DATA WORK.VACATION_SWAPS_TO_LOAD2;
    LENGTH
        FLEET            $ 32
        RANK             $ 3
        WEEK               8 ;
    SET WORK.VACATION_SWAPS_TO_LOAD2;
    FORMAT
        FLEET            $CHAR32.
        RANK             $CHAR3.
        WEEK             DATE9. ;
    INFORMAT
        FLEET            $CHAR32.
        RANK             $CHAR3.
        WEEK             ANYDTDTE9. ;
    /* ----------------------------------------------------------------
       For fields that were imported as datetime values but need to be
       treated as date or time values, a conversion is required in
       order to extract the date or time portion from the datetime
       value.
       ---------------------------------------------------------------- */
    WEEK = DATEPART(WEEK);
RUN;

...And here's the code generated by the import data task for the non-SAS/ACCESS version

/* --------------------------------------------------------------------
   This DATA step reads the data values from a temporary text file
   created by the Import Data wizard.
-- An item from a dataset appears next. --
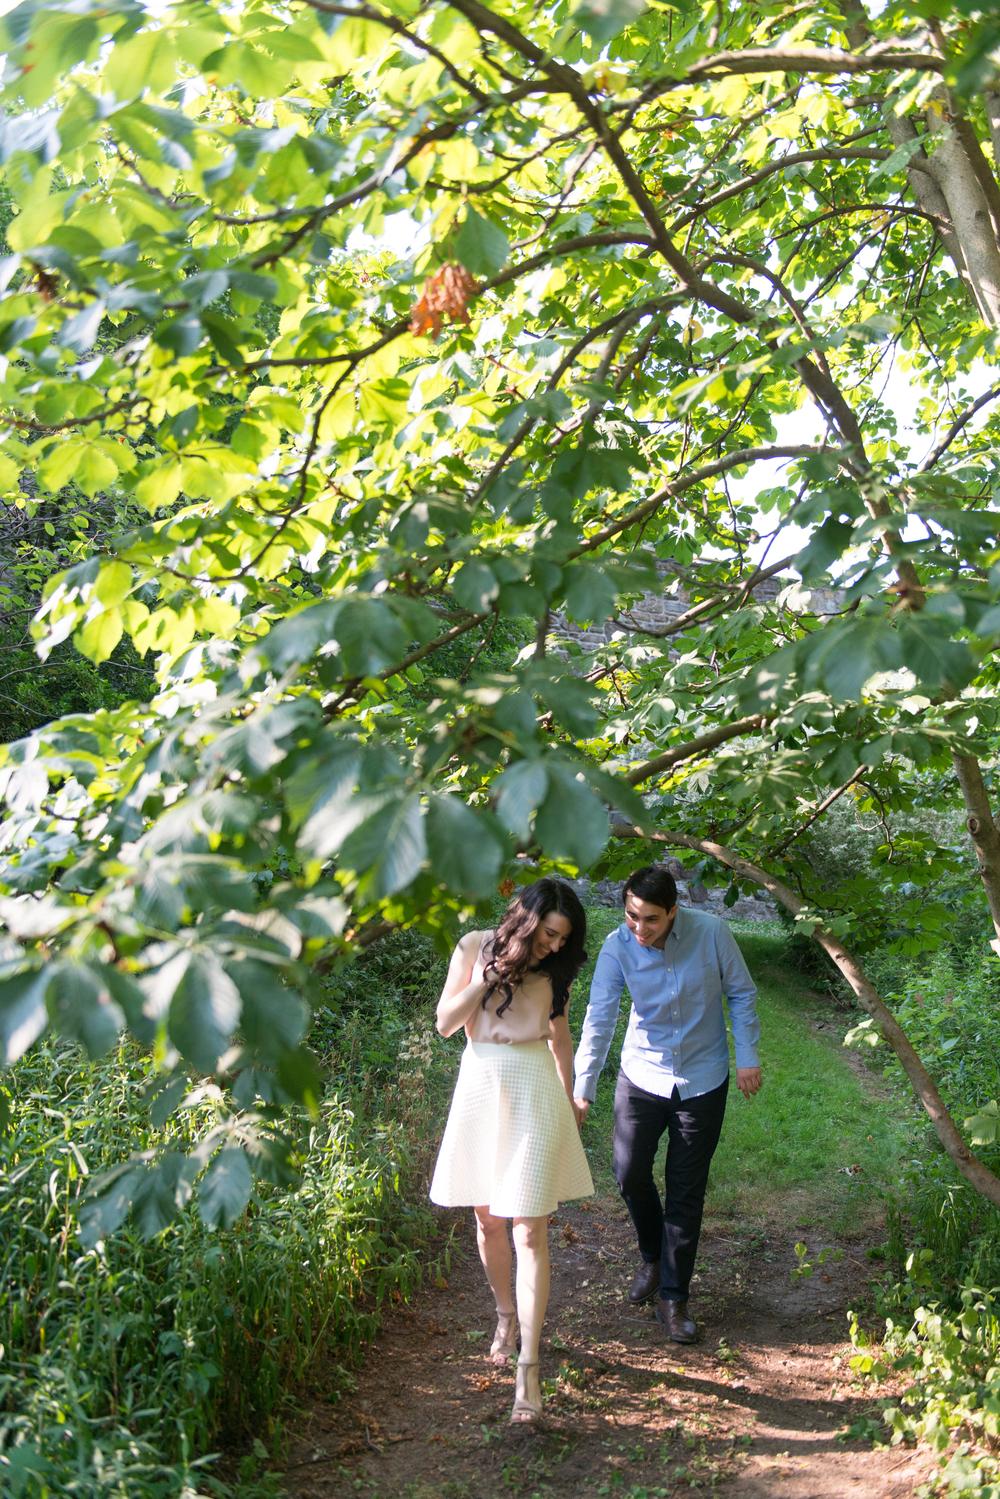 Emily&Aaron_Engagement067.JPG

The values within the temporary
   text file were extracted from the Excel source file.
   -------------------------------------------------------------------- */

DATA WORK.VACATION_SWAPS_TO_LOAD;
    LENGTH
        FLEET            $ 32
        RANK             $ 3
        WEEK               8 ;
    FORMAT
        FLEET            $CHAR32.
        RANK             $CHAR3.
        WEEK             DATE9. ;
    INFORMAT
        FLEET            $CHAR32.
        RANK             $CHAR3.
        WEEK             ANYDTDTE9. ;
    INFILE 'I:\SASWork\_TD6320_CMHPRDSASMET01_\#LN00954'
        LRECL=27
        ENCODING="WLATIN1"
        TERMSTR=CRLF
        DLM='7F'x
        MISSOVER
        DSD ;
    INPUT
        FLEET            : $CHAR32.
        RANK             : $CHAR3.
        WEEK             : ANYDTDTE9. ;
RUN;

 

Super User
Posts: 11,134

Re: Import from Excel Problem: Data step vs Proc Import

This code destroyed in actual imported dataset:

DATA WORK.VACATION_SWAPS_TO_LOAD2;
    LENGTH
        FLEET            $ 32
        RANK             $ 3
        WEEK               8 ;
    SET WORK.VACATION_SWAPS_TO_LOAD2;

So you are not looking at the data as imported.

 

Please rerun the Proc import and then run Proc Contents and show the results.

 

I suspect that your treatment of an original DATE value as datetime reduced the values so much. Since a Date value in Excel of 1/1/2015 would be 42005 and you treated it as a Datetime (which is seconds) then that became day 0 which is 1Jan1960.

See this code:

data junk;
   x=42005;
   put x= datetime20.;
   y = datepart(42005);
   put y;

run;

I suspect the actual Import created a DATE value that you may have assumed was a datetime.

 

Occasional Contributor
Posts: 5

Re: Import from Excel Problem: Data step vs Proc Import

It looks like you are right, but that goes a bit beyond my question.  To be clear, I did not write any of the code above, it is all autogenerated by EG, and the only difference between the two is due to the SAS/ACCESS checkbox being checked or not.  I'm more interested in figuring out if what I'm expecting from checking that box is different from what I should be expecting to happen. 

Super User
Posts: 11,134

Re: Import from Excel Problem: Data step vs Proc Import

Please post the proc contents after the import. The comments you say about "all the dates are " indicate to me that you did not look at the imported data before manipulating it.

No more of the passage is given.